*Your instructions:*
Exactly the lines from the one containing "[L.A 2018] Sedan" through the one containing "Critical Wine 2020, EDIZIONE ANNULLATA." in the listing below are to be copied, with the pictures left out.

*Source data:*

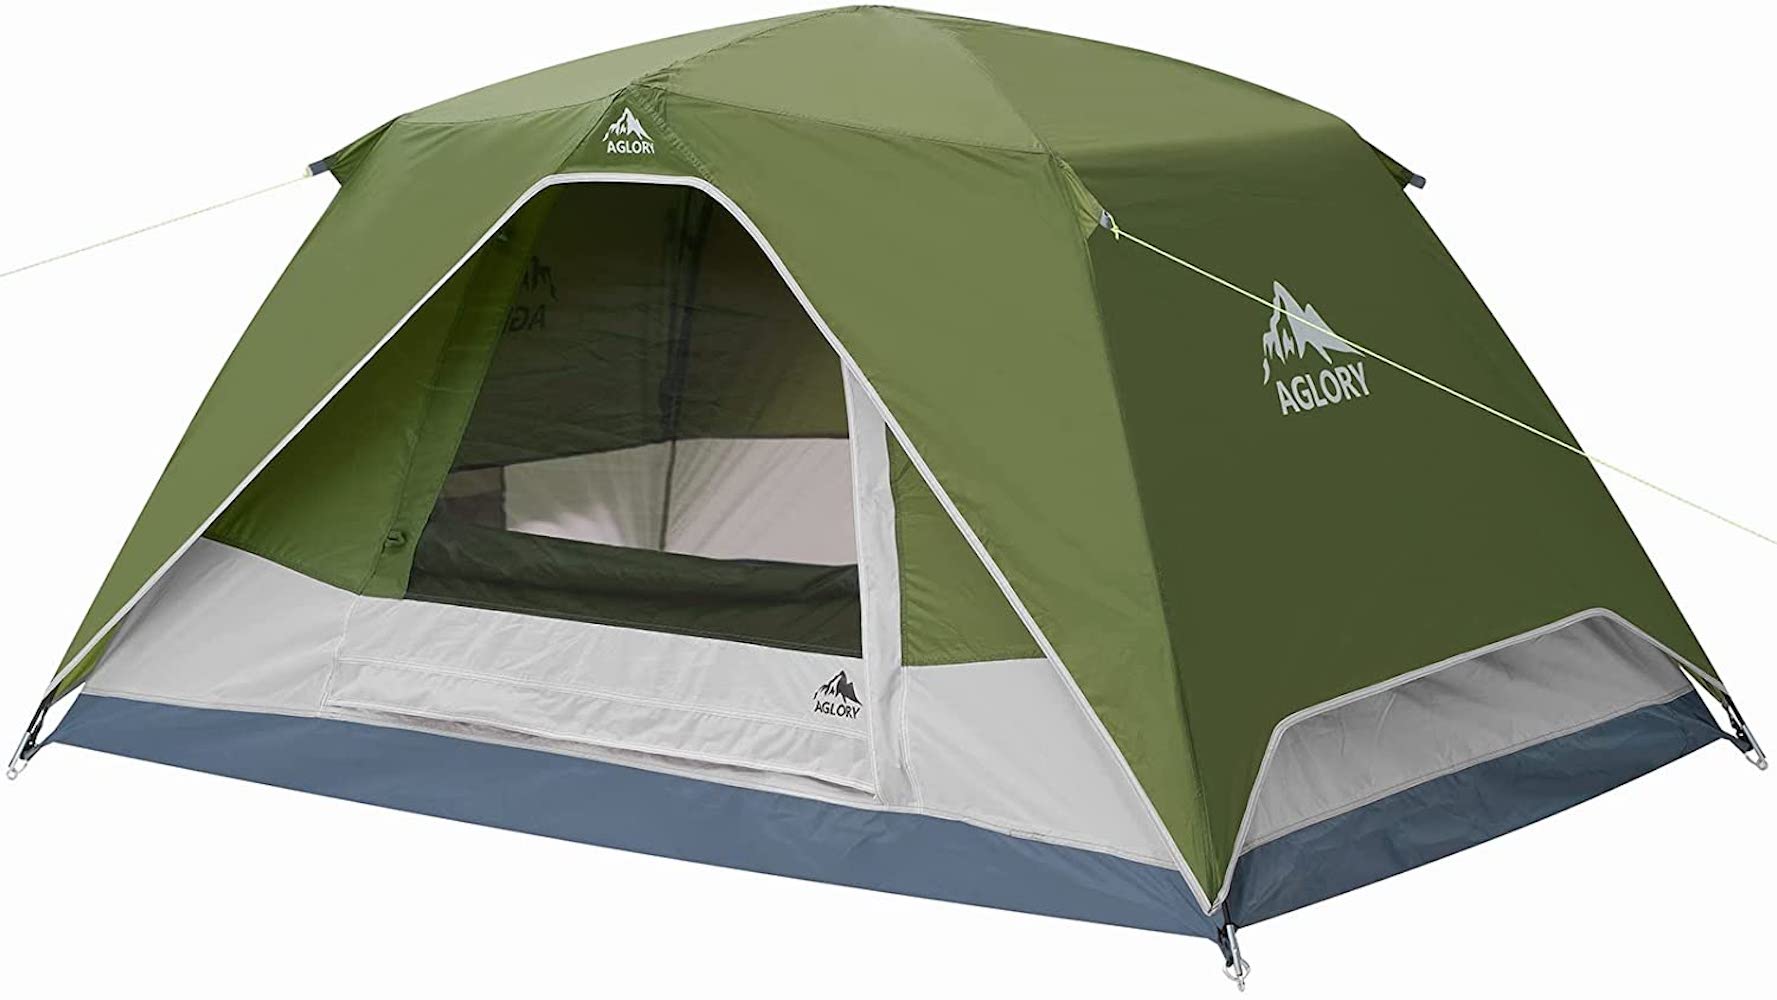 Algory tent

---

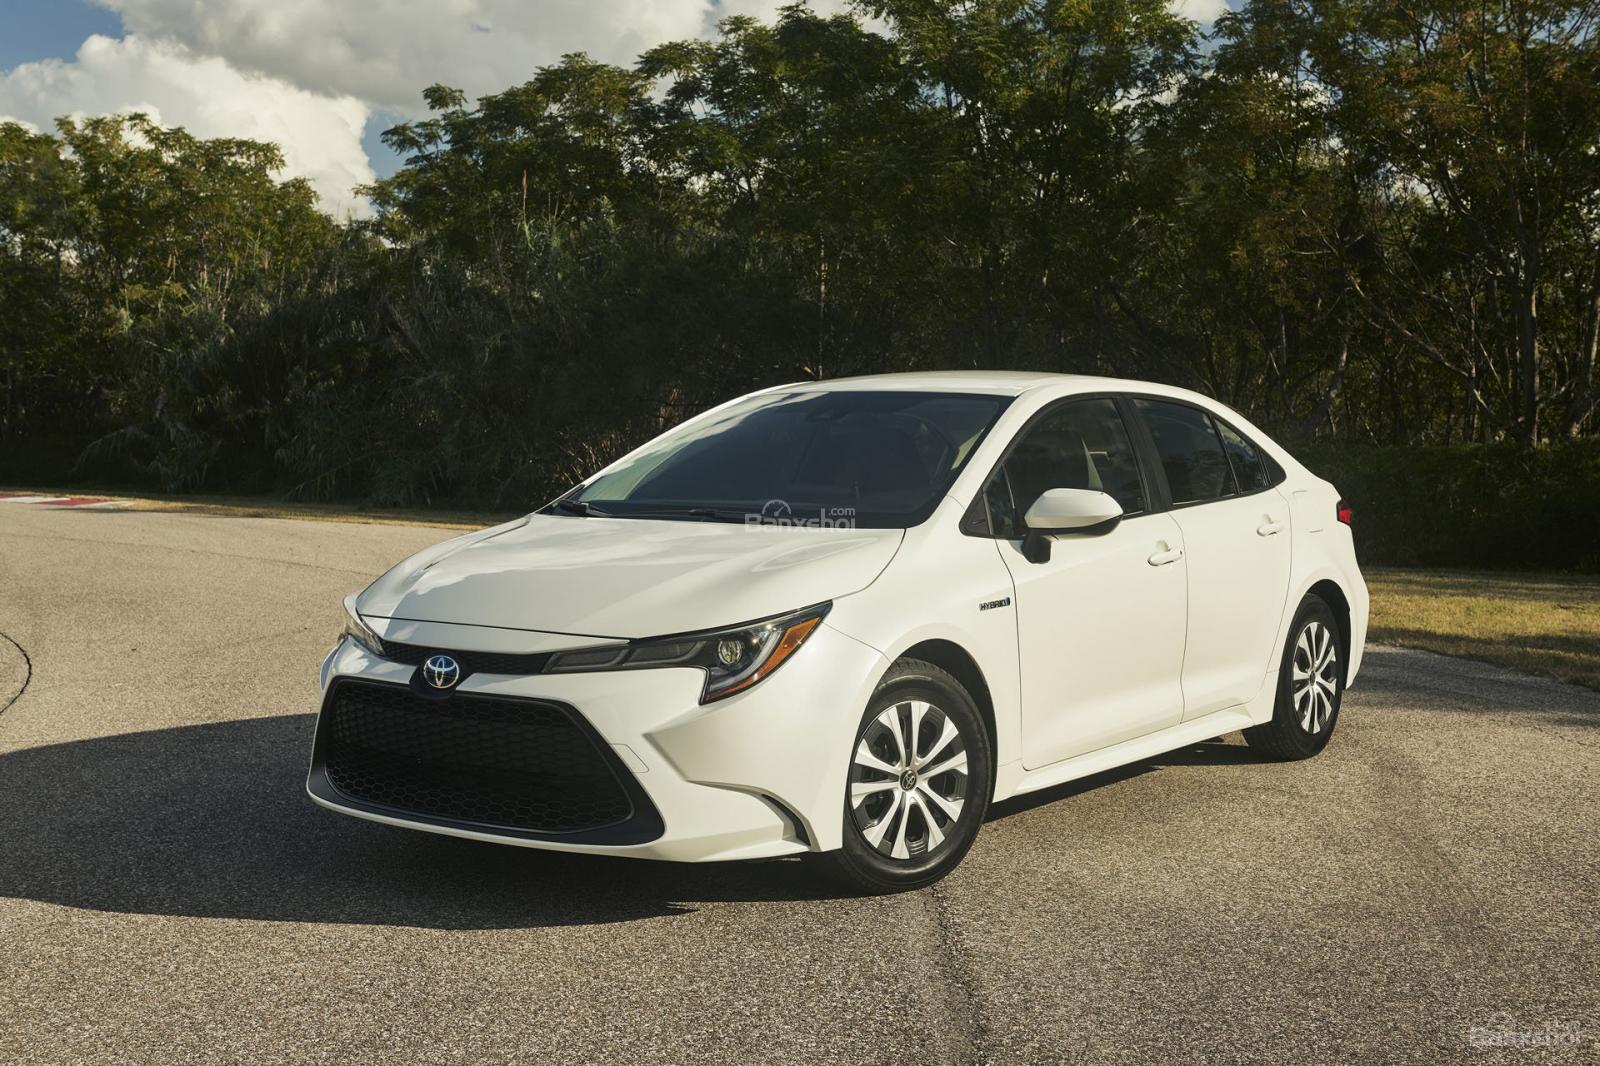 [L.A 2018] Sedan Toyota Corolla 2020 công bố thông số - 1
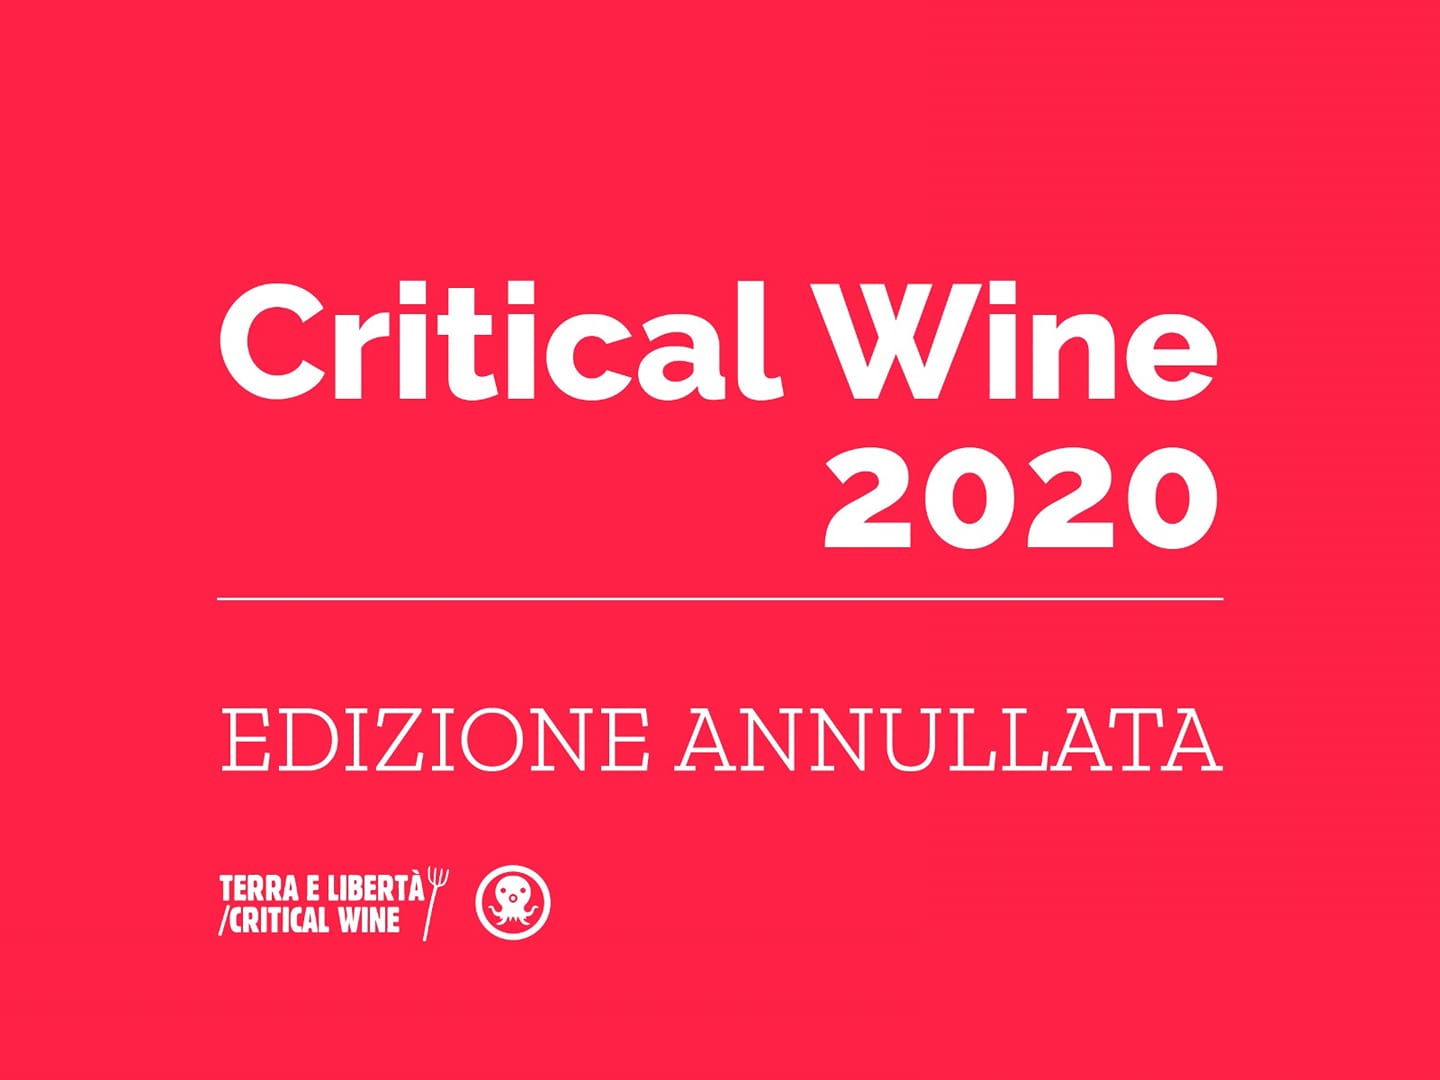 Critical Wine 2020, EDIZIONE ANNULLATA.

*Answer to the problem:*
 [L.A 2018] Sedan Toyota Corolla 2020 công bố thông số - 1
 Critical Wine 2020, EDIZIONE ANNULLATA.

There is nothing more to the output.